When you execute this command, the customers table is created in the database that you are connected to. If you are using PostgreSQL 7.3 or later, the customers table is created in the first schema in your search path. (If you are using a version older than 7.3, your copy of PostgreSQL does not support schemas). If you want the table to be created in some other schema, you can prefix the table name with the schema qualifier, for example:
CREATE TABLE joes_video.customers( ... );
The new table is owned by you. You can't give ownership to another user at the time you create the table, but you can change it later using the ALTER TABLE...OWNER TO command (described later).
Temporary Tables
I mentioned earlier that the customers table is a permanent table. You can also create temporary tables. A permanent table persists after you terminate your PostgreSQL session; a temporary table is automatically destroyed when your PostgreSQL session ends.

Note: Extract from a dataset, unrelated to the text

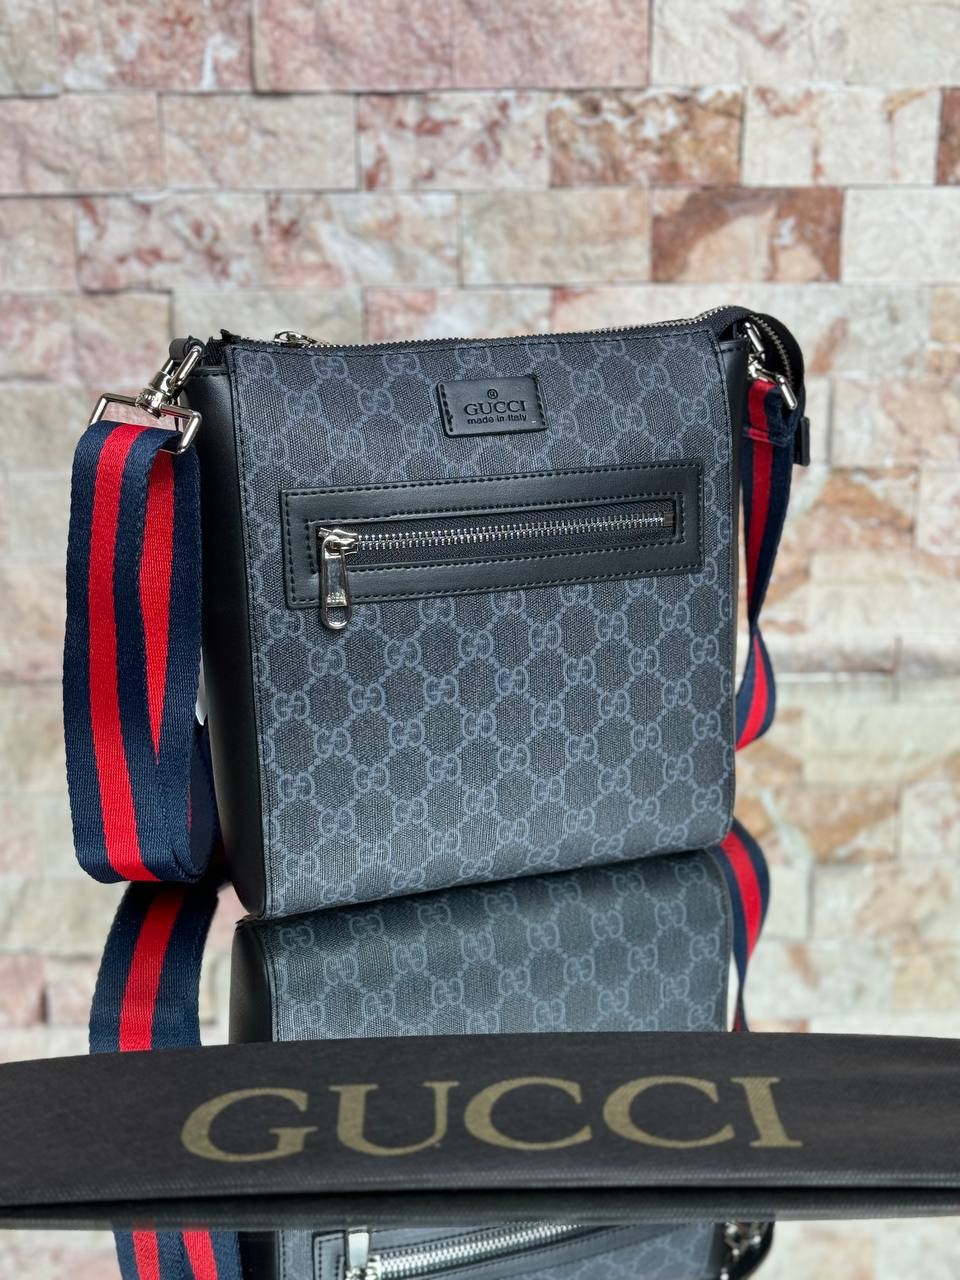 GG Luxury Messenger Bag

Temporary tables are also local to your session, meaning that other PostgreSQL sessions can't see temporary tables that you create. Because temporary tables are local to each session, you don't have to worry about colliding with the name of a table created by another session.
If you create a temporary table with the same name as a permanent table, you are effectively hiding the permanent table. For example, let's create a temporary table that hides the permanent customers table:
CREATE TEMPORARY TABLE customers ( customer_id INTEGER UNIQUE, customer_name VARCHAR(50), phone CHAR(8), birth_date DATE, balance DECIMAL(7,2) );
Notice that the only difference between this command and the command that you used to create the permanent customers table is the TEMPORARY keyword5. Now you have two tables, each named customers. If you now SELECT from or INSERT into the customers table, you will be working with the temporary table. Prior to version 7.3, there was no way to get back to the permanent table except by dropping the temporary table:
movies=# SELECT * FROM customers; customer_id | customer_name | phone | birth_date | balance -------------+----------------------+----------+------------+--------- 1 | Jones, Henry | 555-1212 | 1970-10-10 | 0.00 2 | Rubin, William | 555-2211 | 1972-07-10 | 15.00 3 | Panky, Henry | 555-1221 | 1968-01-21 | 0.00 4 | Wonderland, Alice N. | 555-1122 | 1969-03-05 | 3.00 8 | Wink Wankel | 555-1000 | 1988-12-25 | 0.00 (5 rows) movies=# CREATE TEMPORARY TABLE customers movies-# ( movies(# customer_id INTEGER UNIQUE, movies(# customer_name VARCHAR(50), movies(# phone CHAR(8), movies(# birth_date DATE, movies(# balance DECIMAL(7,2) movies(# ); CREATE movies=# SELECT * FROM customers; customer_id | customer_name | phone | birth_date | balance -------------+----------------------+----------+------------+--------- (0 rows) movies=# DROP TABLE customers; DROP movies=# SELECT * FROM customers; customer_id | customer_name | phone | birth_date | balance -------------+----------------------+----------+------------+--------- 1 | Jones, Henry | 555-1212 | 1970-10-10 | 0.00 2 | Rubin, William | 555-2211 | 1972-07-10 | 15.00 3 | Panky, Henry | 555-1221 | 1968-01-21 | 0.00 4 | Wonderland, Alice N. | 555-1122 | 1969-03-05 | 3.00 8 | Wink Wankel | 555-1000 | 1988-12-25 | 0.00 (5 rows)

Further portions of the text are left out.